Culture & Media
Birther Smackdown: Obama and Shakespeare

It’s hard to know where to begin. A co-worker walked onto the restaurant floor after her break. She was shaking her head. She’d been on the computer downstairs.
“It’s official,” she said. “Obama was born in Kenya. He wasn’t born in America.”
I took a deep breath. The kind normally reserved for hearing alien abduction stories. The kind of deep breath I have to take before telling my nephews that there is no monster living in their closet. The kind of deep breath I take before watching Fox News.
What I find fascinating, appalling and comical about “Birther” conspiracy theories is that it doesn’t matter how many times Obama himself shows his birth certificate. They all derive from the notion that President Obama is not being honest with us. That he is lying.
A recent post by the right-leaning Breitbart.com might even explain the origin of the Obama birthplace rumors. In 1991 Obama’s former literary agency misidentified his place of birth in a promotional booklet as being “born in Kenya and raised in Indonesia and Hawaii.”
Birthers, however will not be satisfied. Confronting their contrary belief system with hard evidence and data only leads to more cover-up and further conspiracy explanations. A new documentary film goes farther down the delusional rabbit hole. Dreams of My Real Father is narrated by an Obama impersonator whose many claims are that Obama’s father was not a Kenyan goat-herder, but an American communist. The film suggests that Obama had a nose job before his 2004 Senate run and that his mother posed naked for a photo shoot when she was five weeks pregnant with him. Classy.
The real concern I have is that all this nonsense about birth certificates only distracts us from more pressing issues. Web sites like the Drudge Report would prefer to lead with conspiracy rather than the upcoming recall election of Governor Scott Walker for scrubbing collective bargaining rights from the workers in Wisconsin.
Maybe if we stopped all the sideshow antics we could have a debate about why the Tea Party and Occupy movements are similar and important. Maybe a few more blogs and more newspaper space could be dedicated to our fallen heroes in uniform. Maybe there could be a real discussion about the reform of marijuana laws, the overpopulation of prisons, the price of gasoline.

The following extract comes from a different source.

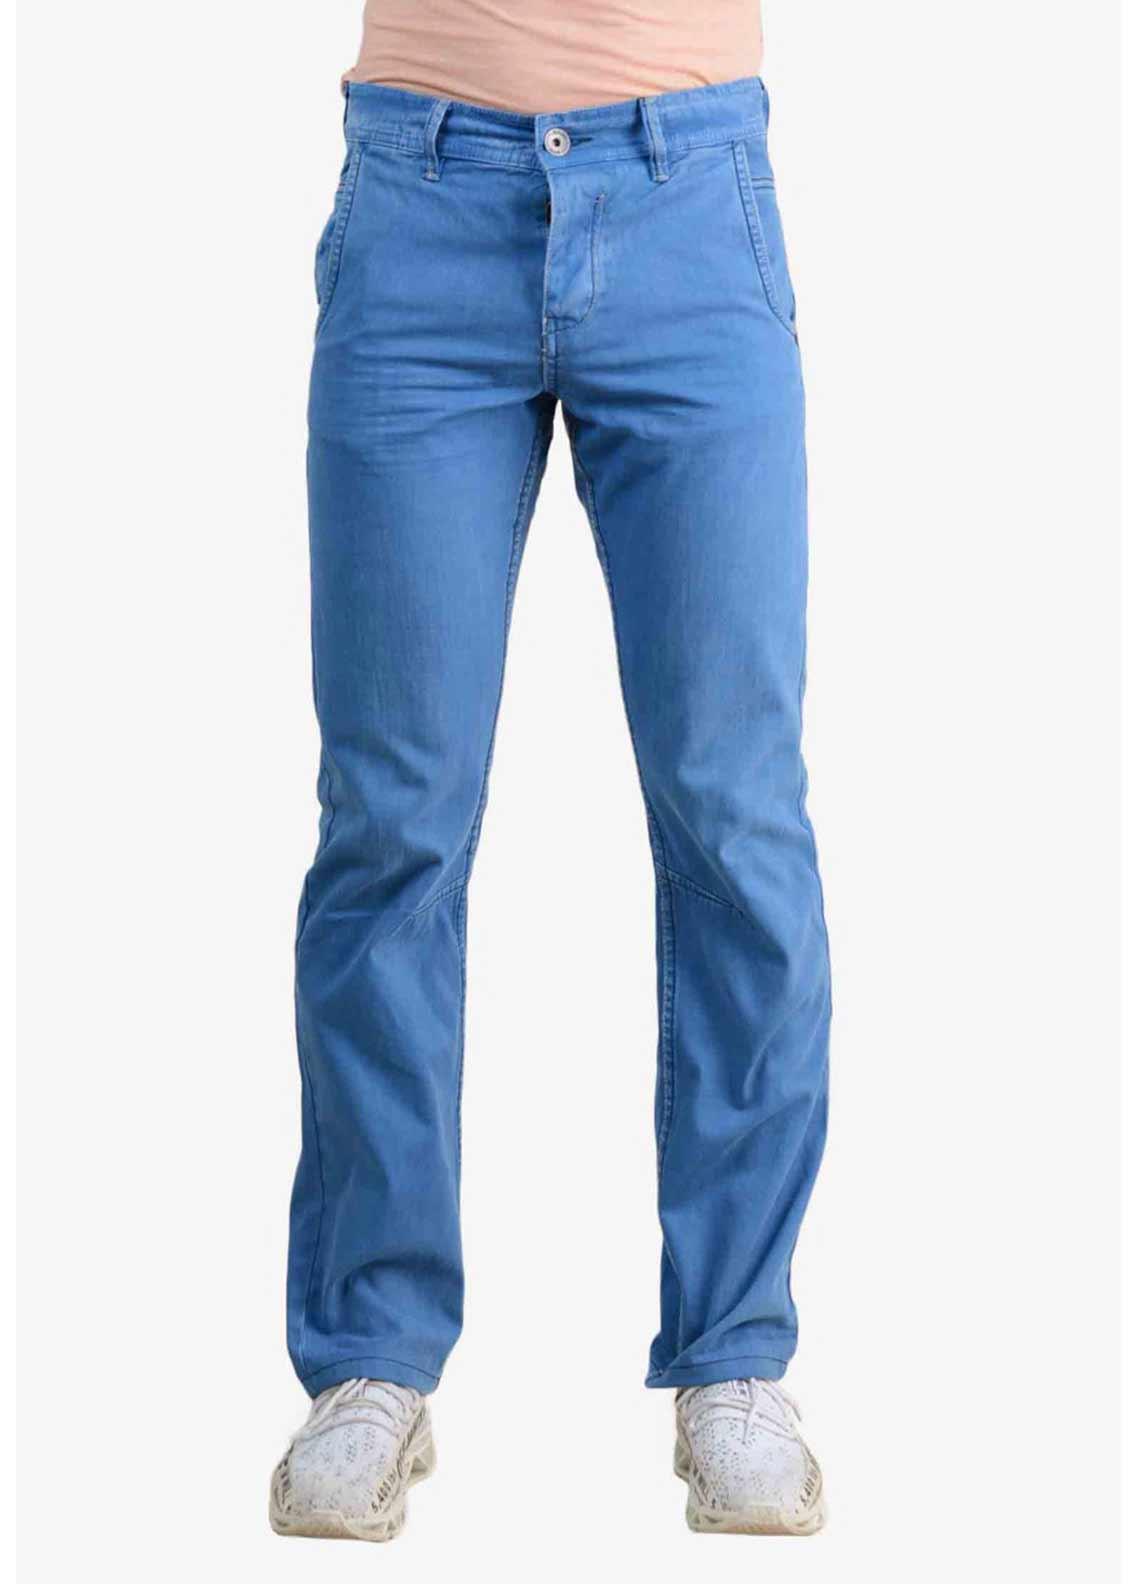 Ignite Wardrobe Denim Straight Jeans for Men -  Sky Blue

I can’t even discuss health care with my mother without her speculating that Obama might be a Muslim. How do you have a conversation with someone when they drop that on you? It really makes me wonder what nasty right-wing Web sites she’s been perusing. Is there a parental control block for your own parents?!
Some conspiracy theories, such as the Shakespeare Authorship question have had the good fortune of being clouded in history. The famous scribe had been dead almost 200 years before the authorship question had even been raised. Birthers don’t have that excuse. They have the unfortunate circumstance of being deluded in present time.
A comparison between Shakespeare and Obama conspiracists might be apt. The anti-Stratfordians still struggle with the notion that the lowly, uneducated son of a glove maker could rise to such status of genius and so they seek to create wealthy, royally educated alternate candidates such as Edward de Vere, 17th Earl of Oxford to fit more comfortably into their world view. It’s elitism at its worst.
And with Obama it’s really not so much about his birth certificate as it is about answering a troubling question that doesn’t fit quite so well into a segment of the population’s world view. How is it that a black man could attain the status of President of the United States? Yes, elitism again and . . . that other word.
I told my co-worker that she was like one of our fellow bartenders we work with who doesn’t believe that man has ever walked on the moon. Her mouth fell open like it was the dumbest thing she had ever heard.
“You’re kidding me. That’s crazy. I know people who work at NASA.” She said.
“Maybe they’re lying to you,” I said conspiratorially. “Maybe that’s just a story.”
She brushed off my sarcasm with a roll of her eyes and then I watched her and the bartender begin an uncomfortable discussion about astronauts and the moon. They were honestly debating if man had actually stepped on the moon in 1969. I felt like slapping myself in the face.
Perhaps we should strive to be more like Odysseus and tie ourselves to the mast of honest debate rather than participate in the siren songs of conspiracy and lunacy.
Maybe it’s time to stop the sideshow and get back to issues that matter like jobs, like the economy.
On second thought, there’s an election coming up. Fat chance.